Maulid Nabi Muhammad Saw. Hari ini telah menjadi tradisi, agenda tahunan, seremonial, dan ekspresi budaya keagamaan dalam konteks masyarakat muslim di dunia.
 Berabad-abad lamanya debat sengit tentang boleh dan tidaknya praktik perayaan Maulid nabi menjadi perbincangan di mimbar minbar dan kajian keislaman.
Nyatanya, praktik maulid telah menyatu dengan masyarakat muslim di berbagai belahan dunia, terlepas dari pendapat benar atau salah dengan berbagai argumentasi nya.
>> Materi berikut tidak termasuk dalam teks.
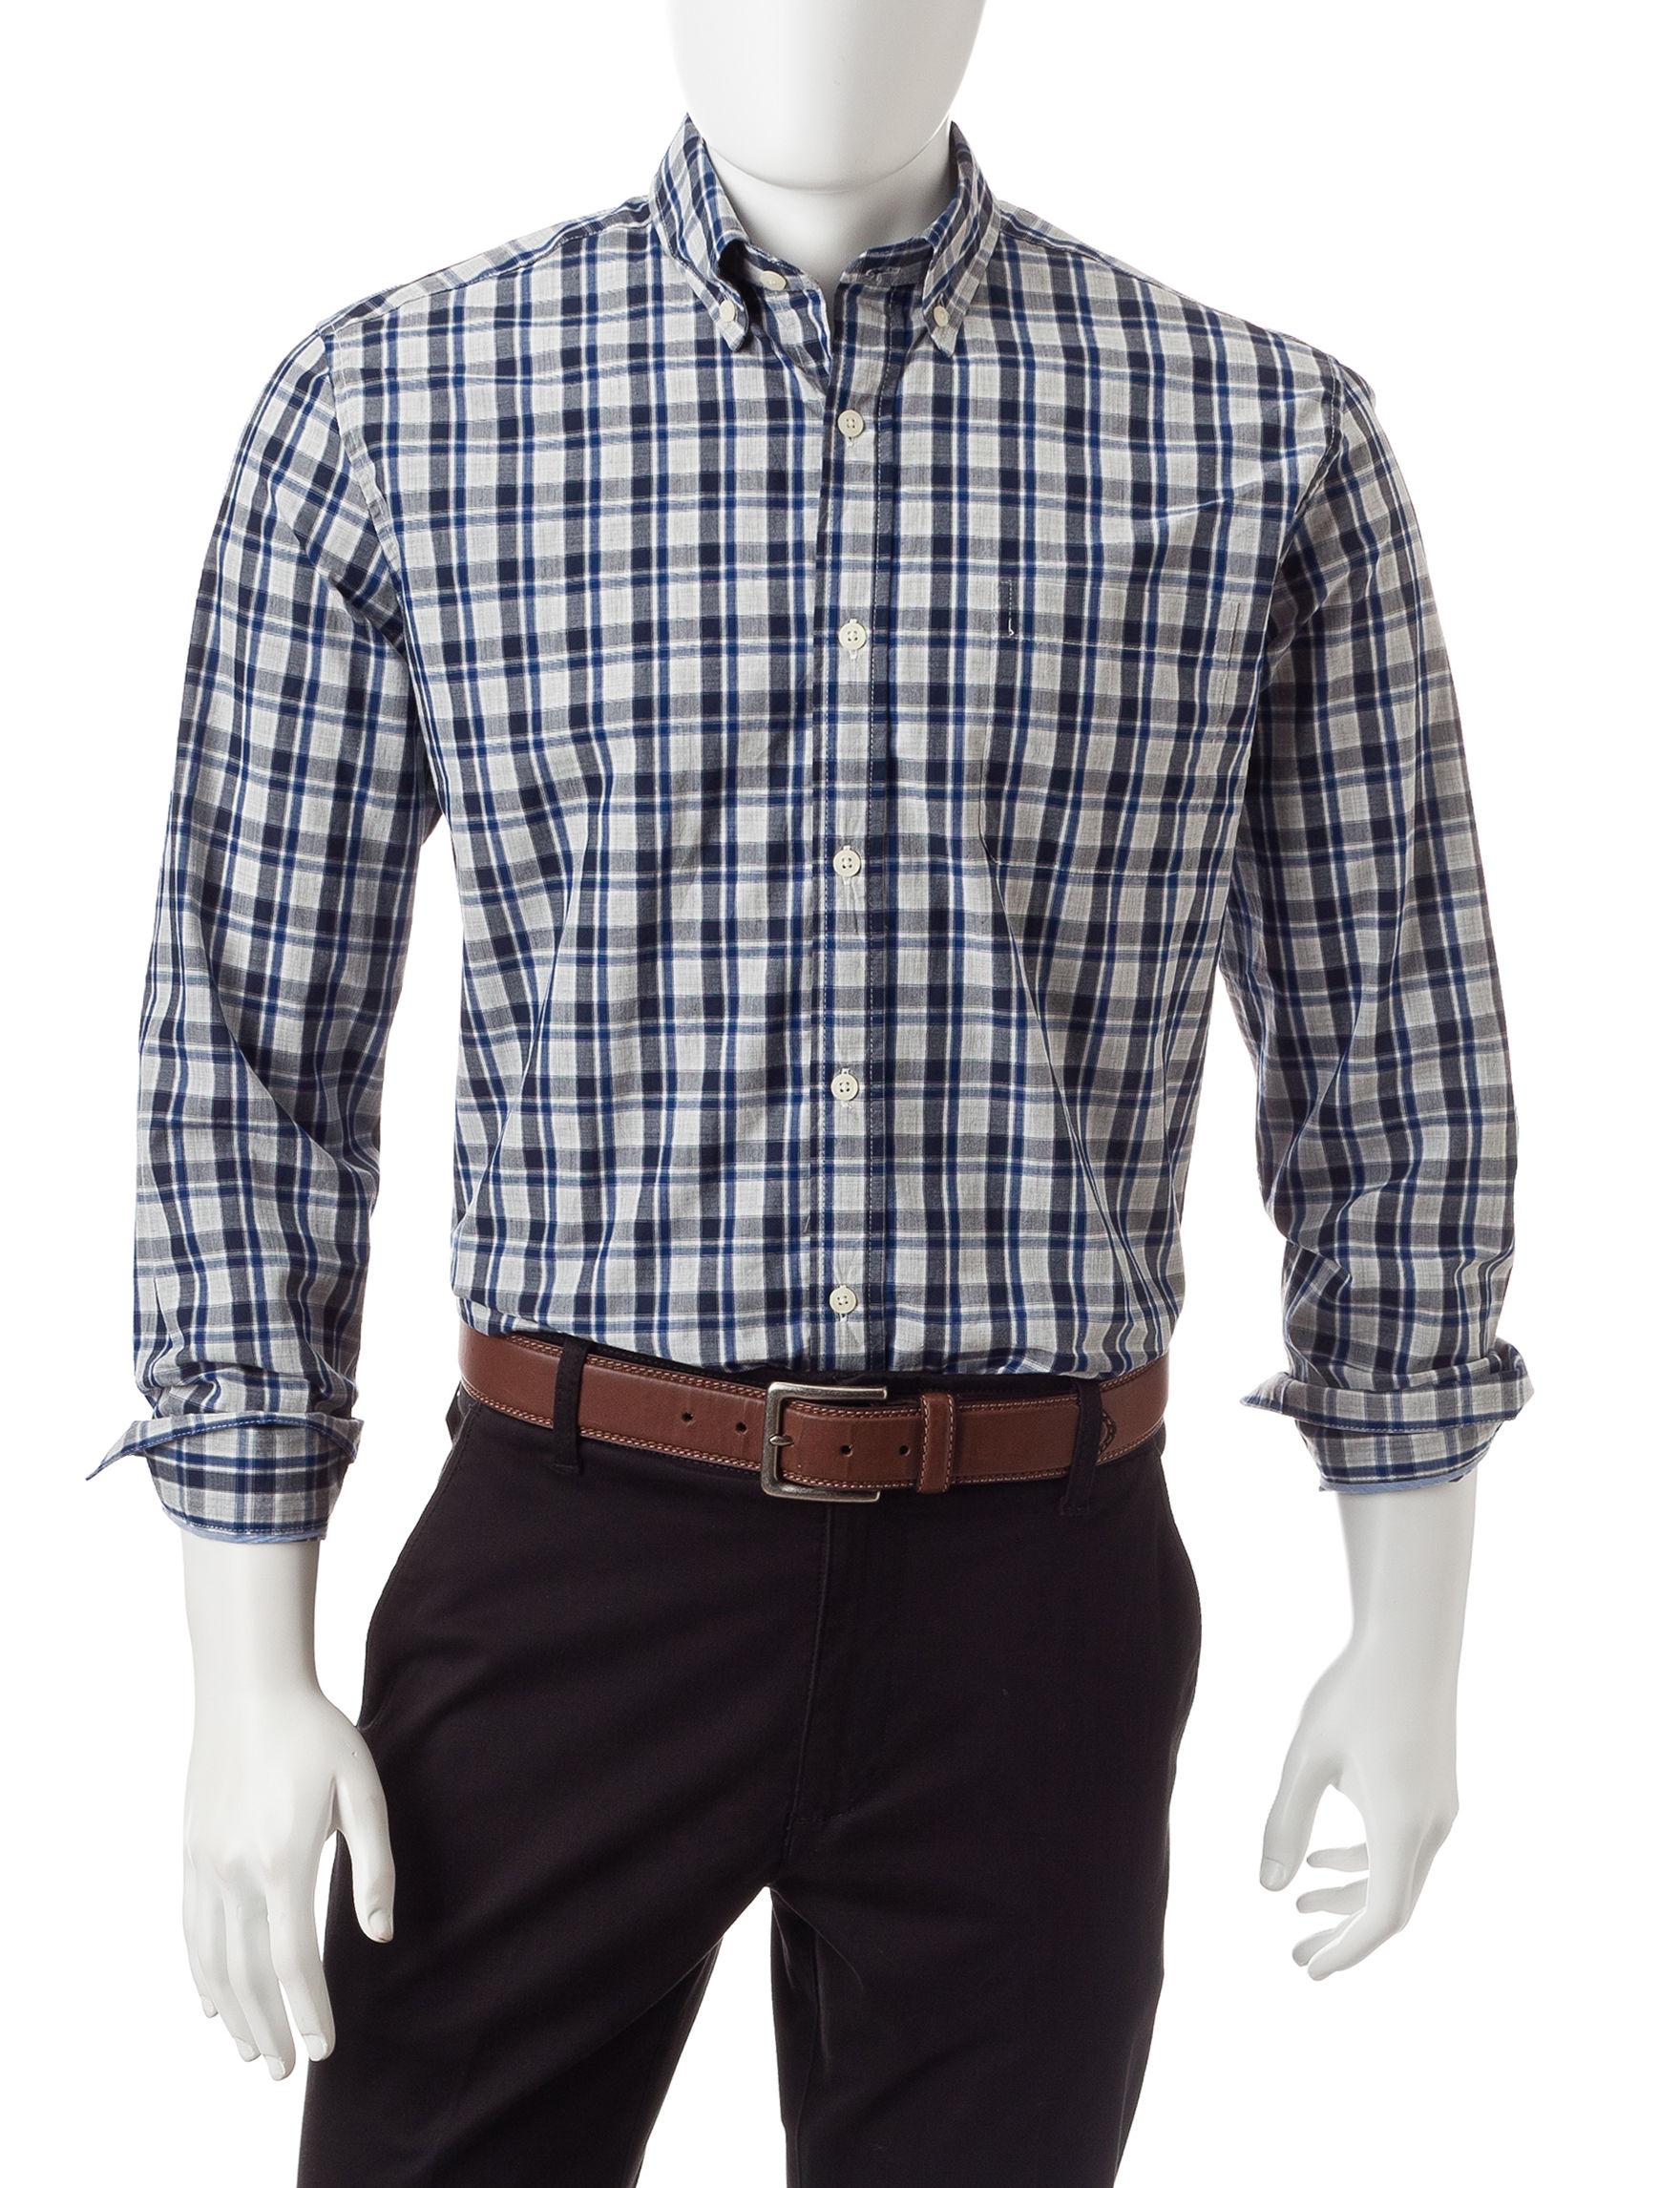 U.S. Polo Assn. Blue / Grey Casual Button Down Shirts

Maulid dalam potret keberlanjutan
Praktik maulid dalam catatan saya, lebih menarik jika dipotret dalam konteks isu keberlanjutan (SDGs).
Pasalnya, dalam agenda ini di isi dengan kisah kisah pembelajaran moral dan etika. Praktis mendukung SDG 4 Quality Education. Juga dilengkapi dengan pembagian makanan pada peserta yang hadir hal ini tentu mendukung SDG 2 Zero Hunger.
Lalu mengapa?
Secara nature, manusia akan mengingat orang yang dicintainya. Praktis orang-orang yang cinta kepada Baginda nabi akan mengingat ingatnya. Dengan latar belakang geografis, pendidikan, serta adat istiadat. Manusia manusia yang mencintai nabi mengekspresikan rasa cinta nya dalam berbagai bentuk, kerap kita dengar syair-syair, kisah kisah, prosa, puisi, dan agenda perayaan Maulid nabi.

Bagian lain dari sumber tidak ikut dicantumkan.